I bought the book a year ago because Oprah Winfrey raved that it was one of the best pieces of historical fiction she’d read. I enjoy period fiction with geneology, a story with multiple layers of characters that you can put a face to and want to learn more about. The problem with this book is that I can’t connect with the characters. I don’t find any of them to be very sympathetic or memorable. The best parts of the story are the description of the architecture, the geography, and the brutality of life in 1100-1200. The violence is cringe worthy, more realistic and thus more interesting than many romanticized novels with a historical theme. I just don’t like to be able to predict what’s coming next, and in this book I can. As far as an anti-Catholic theme, it’s fairly tame unless one is offended by the portrayal of politics and intrigue within the churh. If I enjoy a novel I’ll practically speed read through it, but I can put this one down and easily forget about it. I’m about 2/3 through (remember I bought it a year ago), but I don’t know if I’ll finish it.

:thumbsup: you’re right.

I did the same thing. A co-worker let me borrow it about 6 months ago and it took me 4 of those months to get through about half of it. In my case it’s a good thing, because my schedule is so hectic I need a book I can lay aside and come back to later. After I got through to about the last fourth of it I couldn’t put it down, though. (so strange, I usually skip the endings of books, but the end of this one is what kept me interested :shrug:)

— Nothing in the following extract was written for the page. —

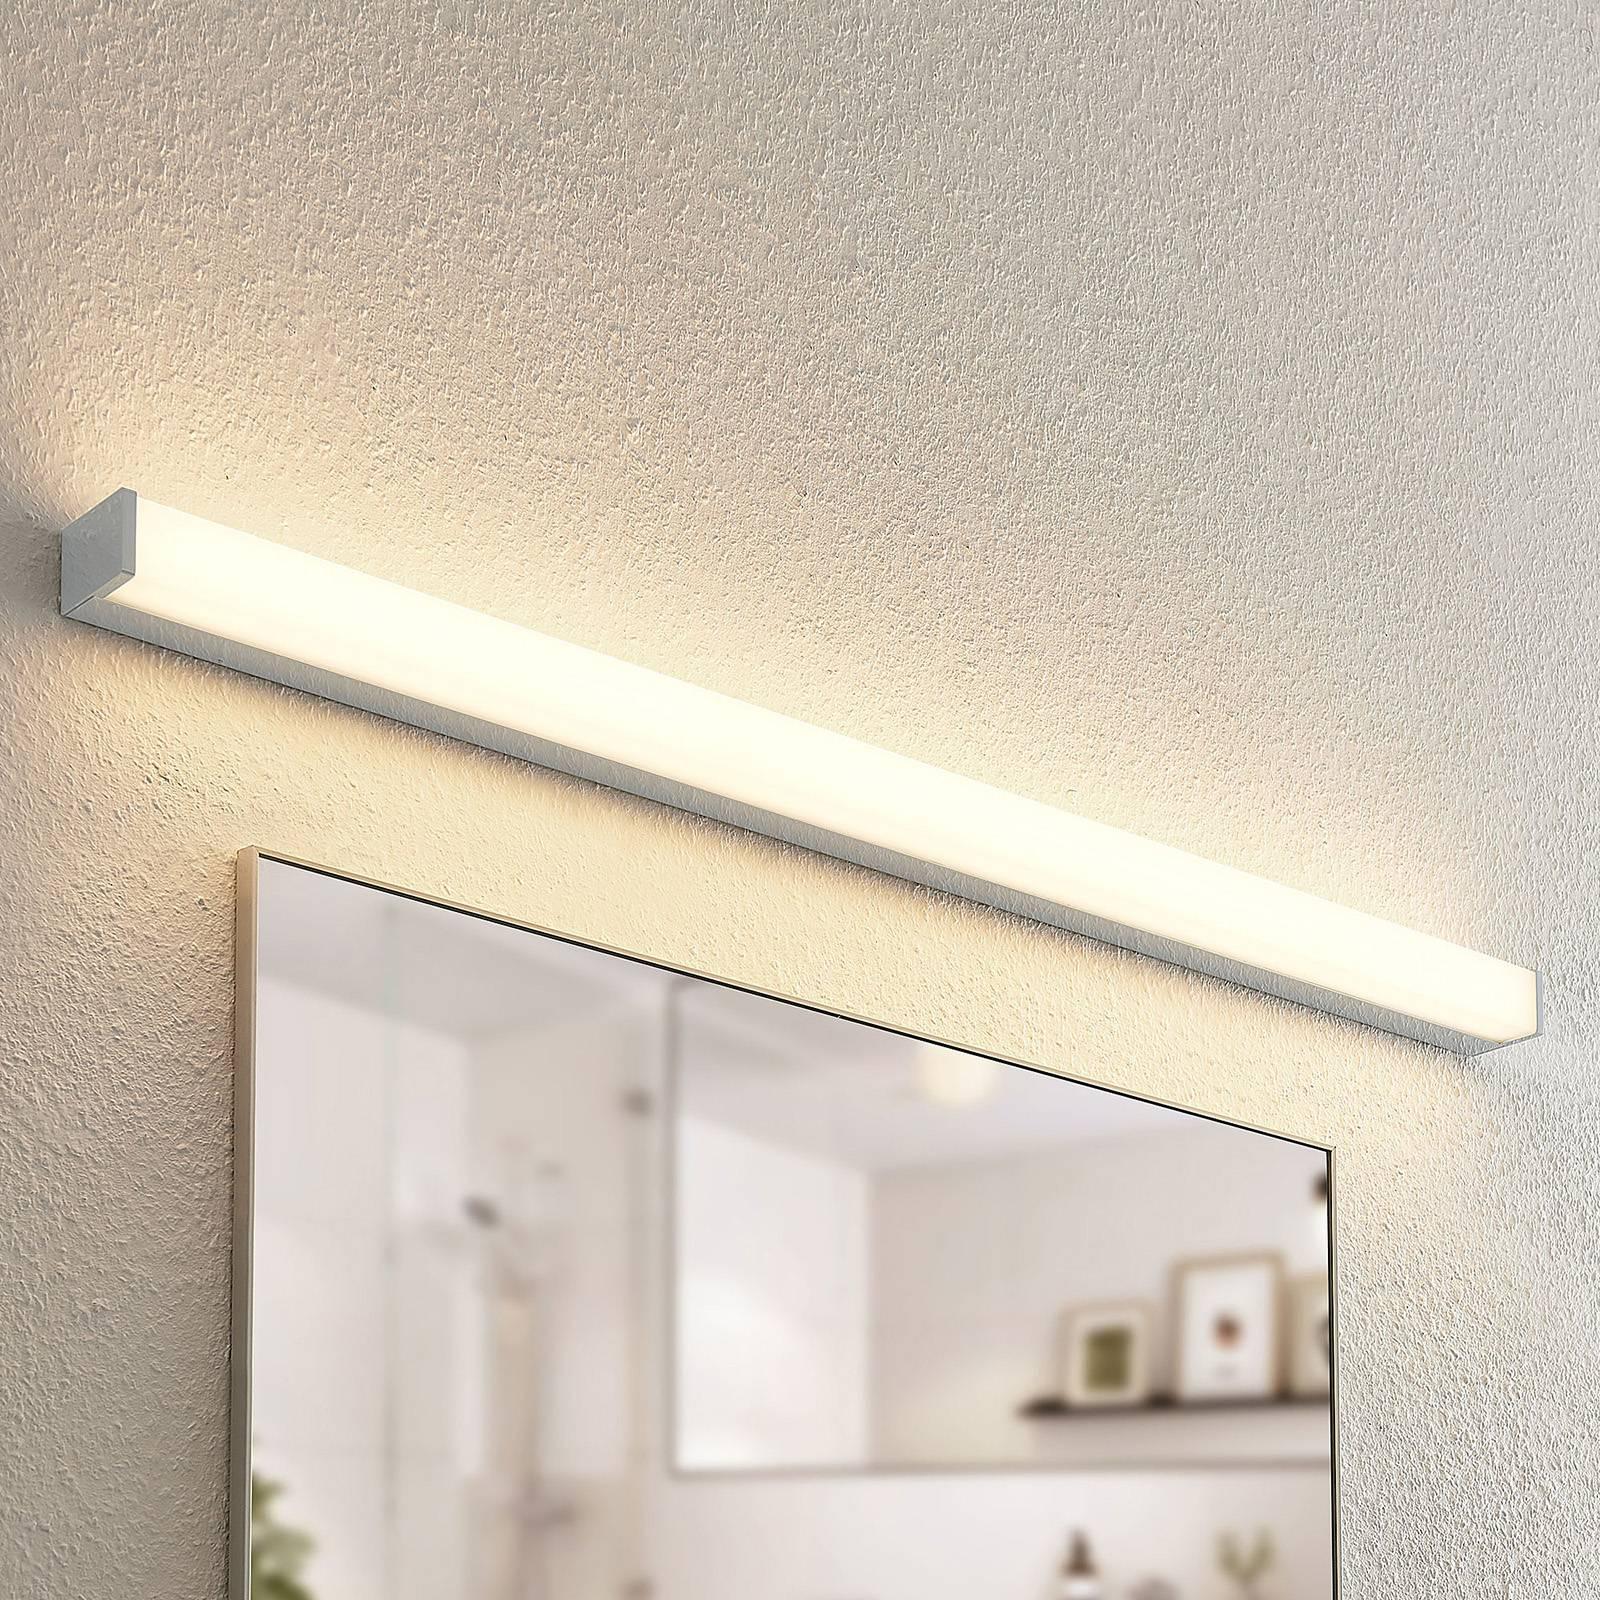 Lindby Klea -LED-kylpyhuonelamppu, 120 cm

Well, then maybe I’ll keep slogging through to the end. I did hear someone else say the end was good. I don’t think I’ll be buying the sequel though. Enough Mr. Follett!

I read somewhere on here that someone received a Kindle for Christmas. Oh Happy Day.:slight_smile:

I just rented the movie…thouroughly enjoyed the movie.

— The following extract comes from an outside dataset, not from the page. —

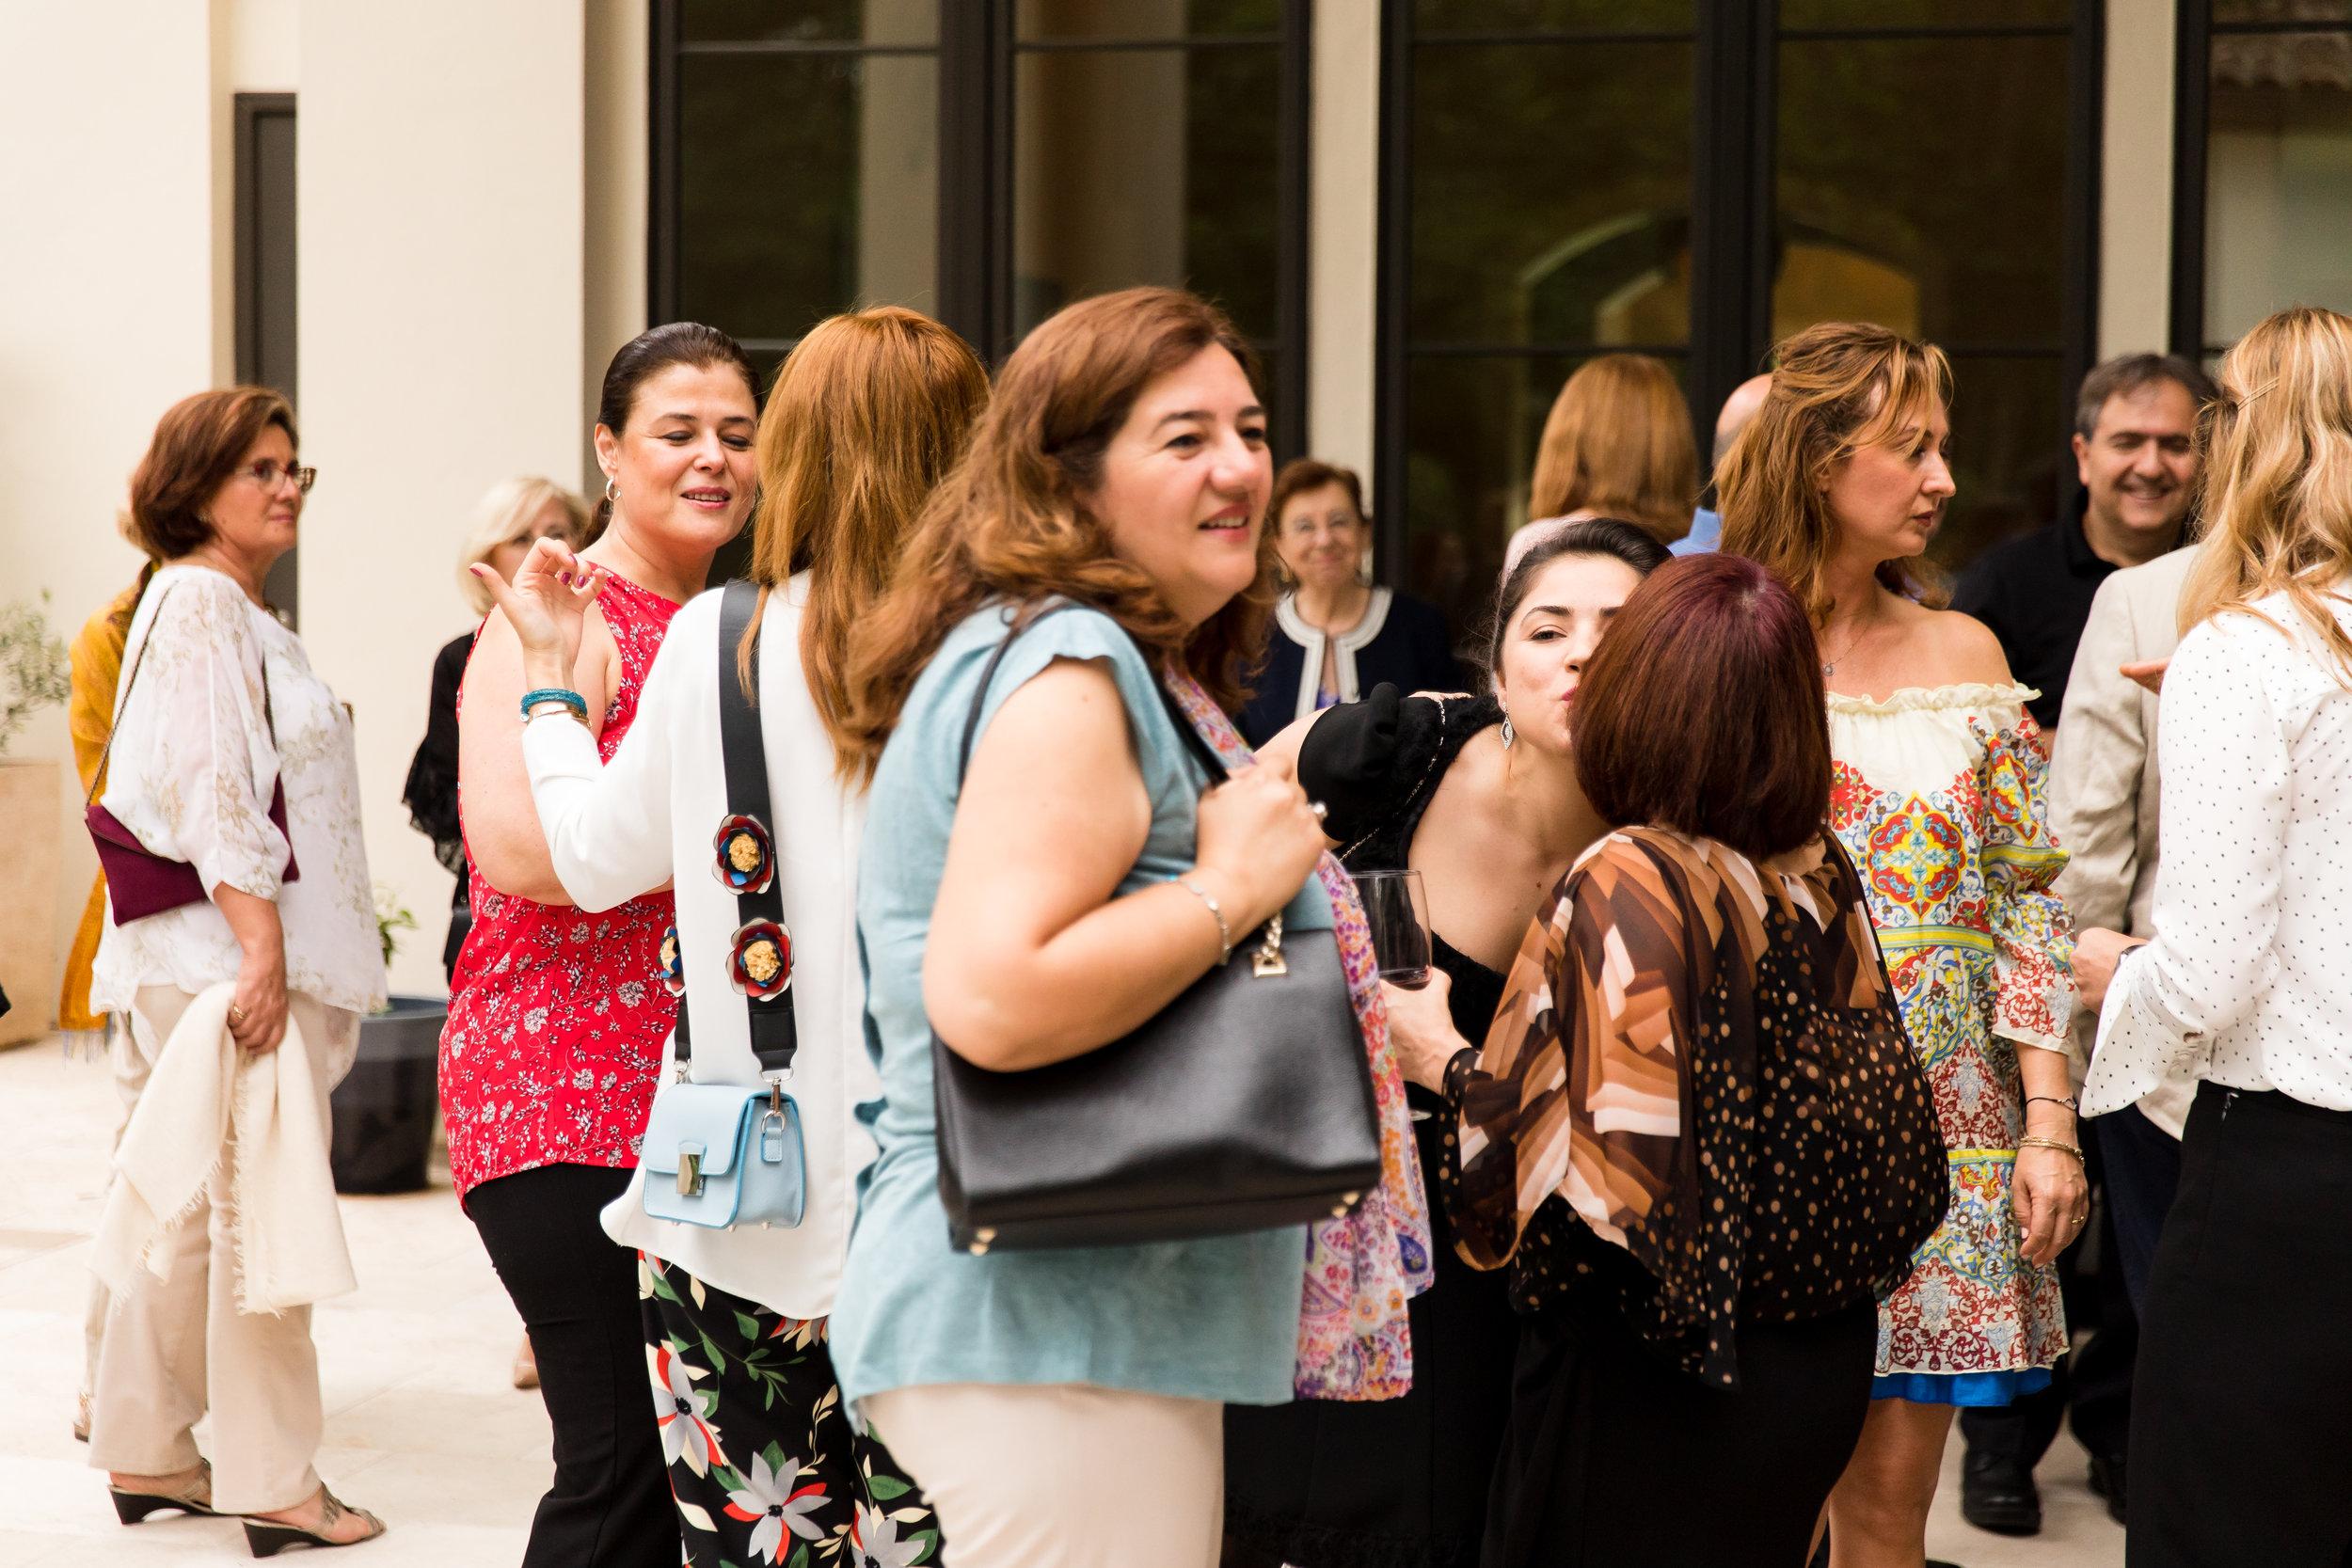 20180421-3rd Annual Education Women Turkey-187.jpg

I got World Without End for Christmas and you just moved it up in the pile!

Thanks again!!!

I read this book awhile ago and really enjoyed it. The characters were finely drawn. Prior Phillip was my favorite also.
I did not know there was a movie but after reading SummerSmiles review of it, I won’t see it.
Why do movie makers always distort the story. Sigh!

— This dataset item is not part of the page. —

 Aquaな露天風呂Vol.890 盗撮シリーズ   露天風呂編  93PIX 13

I really enjoyed the first book. Was excited about the second book but was disapointed. I couldnt finish it The sex scenes were too graphic for me. I love historical fiction too.:frowning:

I realize that movie makers frequently have to make some changes to the sequence of events when they take a book and make it into a movie. Some things just aren’t as easy to put onto the movie screen as they are to make into a book. Some things would take too long to explain in a movie, so they’re left out. Some things can be left out and people will still get the “big picture.”

As long as they leave the basics of each character the same, I’m usually ok with other changes. But I felt that the changes made for the movie of Pillars of the Earth just messed with basic character traits too much. Some characters just weren’t themselves anymore; just a new character with an old name. Prior Phillip wasn’t the only character affected. (Ellen’s character was changed a bit to make her more “family friendly.”)

Enjoy the read-- I sure did!!!


I was wrong. I got Fall of Giants, not World Without End. I’ll have to get WWE though.

The first one is quite good and valuable for establishing a flavor for what life was like in those times. The Church is treated fairly, as having both good and bad members - just like in REAL life, then or today.

The second book reveals more of the authors secret axes being ground. (SPOILERS) Of course the HERO has an abortion, of course the bishop is always a villian, of course those considered evil by the church are always those of true character and virtue, blah, blah predictable blah.

Skip the second book.

No, it really isn’t good at all. Indeed, there should be a disclaimer that Follett only researched the architecture, since he seems to think serfs owed their rent individually, rather than as a village, and does not seem to have heard of guilds (which insured all their members against things like losing clients). Not to mention he reads a very post-Renaissance concept of national loyalty into feudal power struggles.

Way to go, Follett, your book about the mean nasty Middle Ages is a vicious indictment of the Reformation. I couldn’t stink that bad if I tried.